Hercules
Gaining advanced insights from Git repository history.
Install / Use
/learn @src-d/HerculesREADME
Table of Contents
- Overview
- Installation
- Contributions
- License
- Usage
- Roadmap
Overview
Hercules is an amazingly fast and highly customizable Git repository analysis engine written in Go. Batteries are included.
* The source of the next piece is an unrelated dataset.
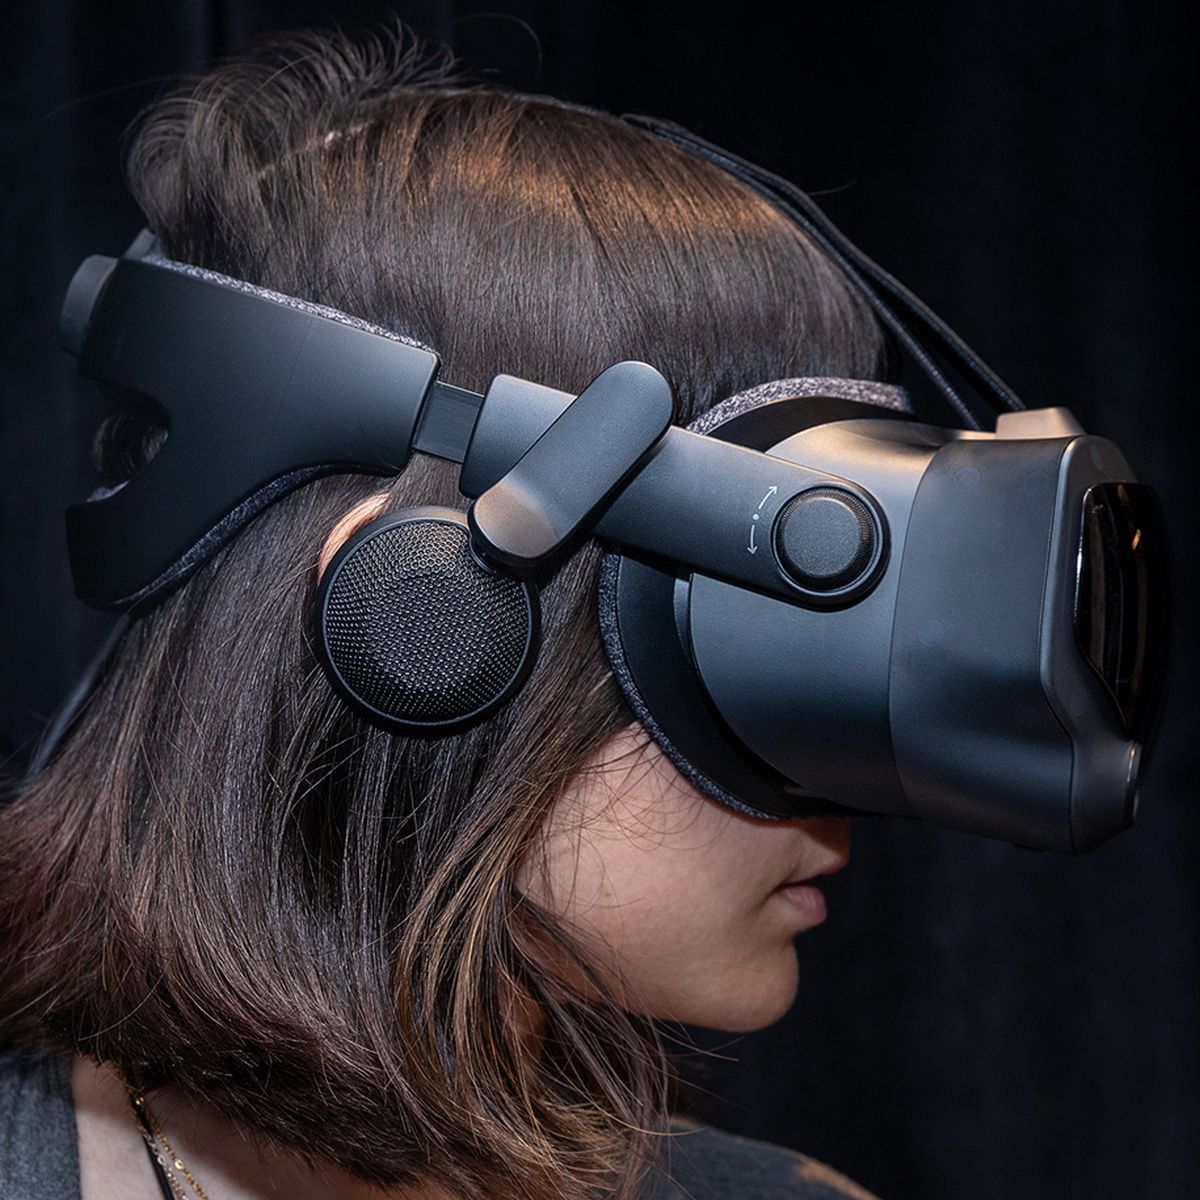 Woman wearing Valve Index VR headset

Powered by go-git.
Notice (November 2020): the main author is back from the limbo and is gradually resuming the development. See the roadmap.
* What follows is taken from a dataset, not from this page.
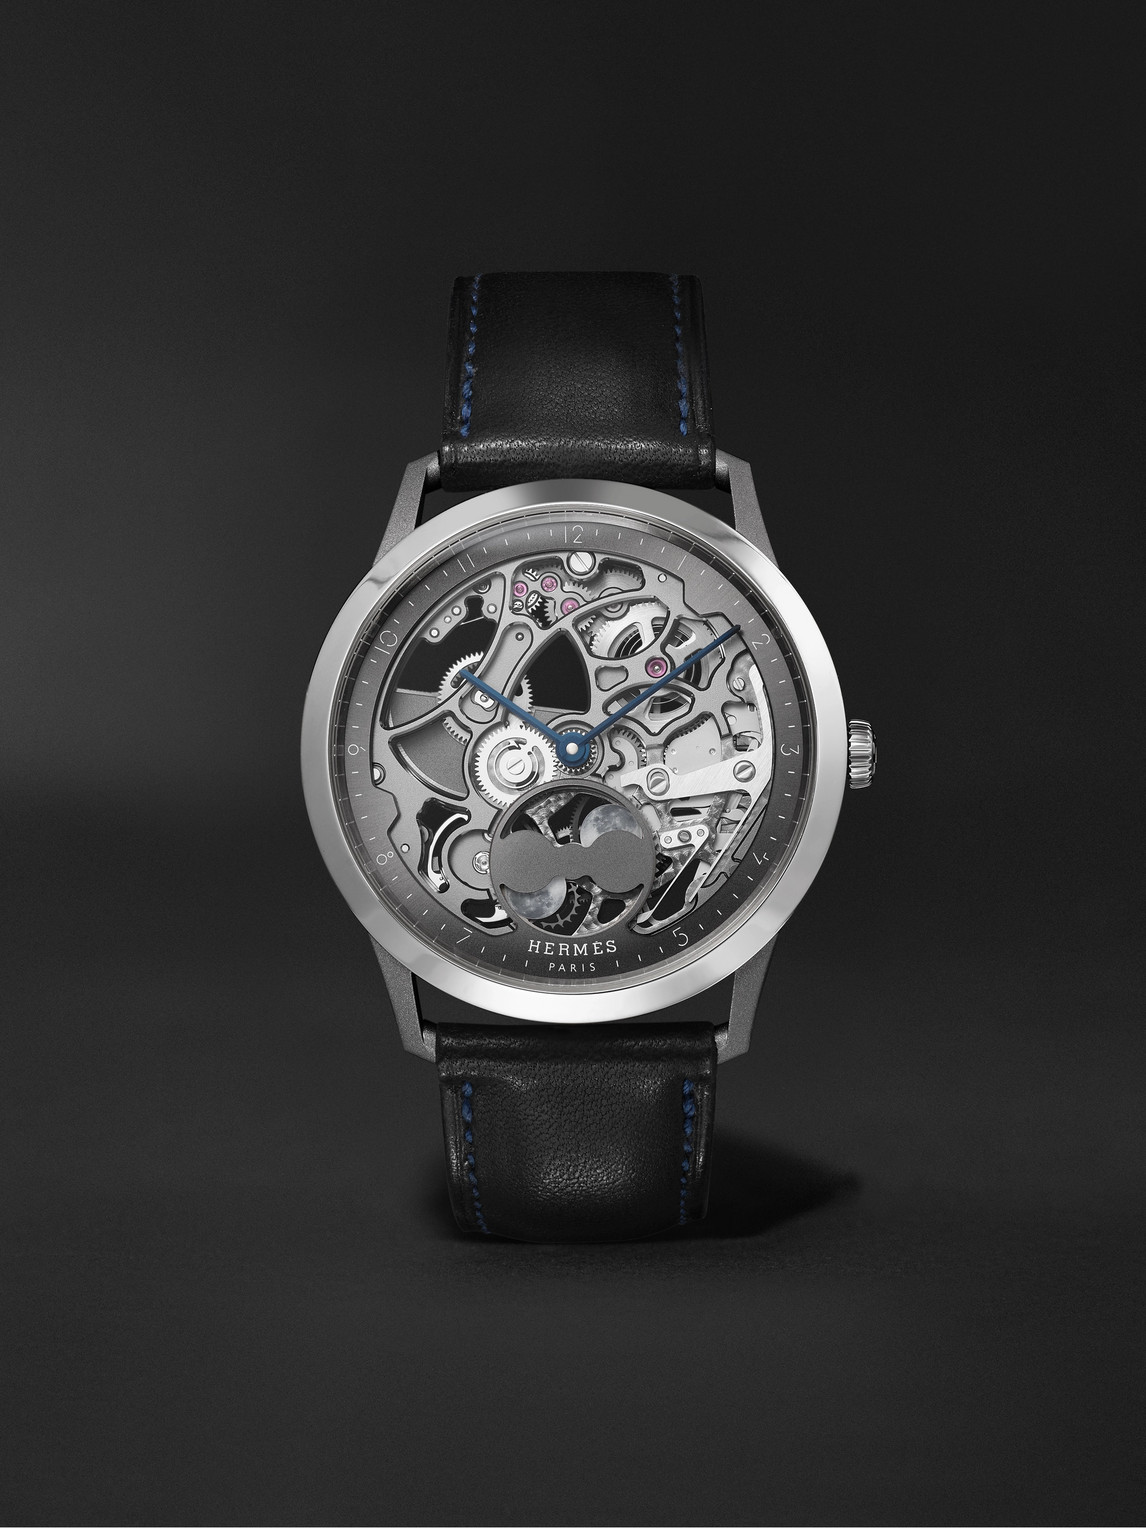 Hermès Timepieces Slim D'hermès Squelette Lune 39.5mm Automatic Titanium And Leather Watch, Ref. No. 054695ww00 In Black

There are two command-line tools: hercules and labours. The first is a program
written in Go which takes a Git repository and executes a Directed Acyclic Graph (DAG) of analysis tasks over the full commit history.
The second is a Python script which shows some predefined plots over the collected data. These two tools are normally used together through
a pipe. It is possible to write custom analyses using the plugin system. It is also possible
to merge several analysis results together - relevant for organizations.
The analyzed commit history includes branches, merges, etc.
Hercules has been successfully used for several internal projects at source{d}. There are blog posts: 1, 2 and a presentation. Please contribute by testing, fixing bugs, adding new analyses, or coding swagger!


Installation
Grab hercules binary from the Releases page.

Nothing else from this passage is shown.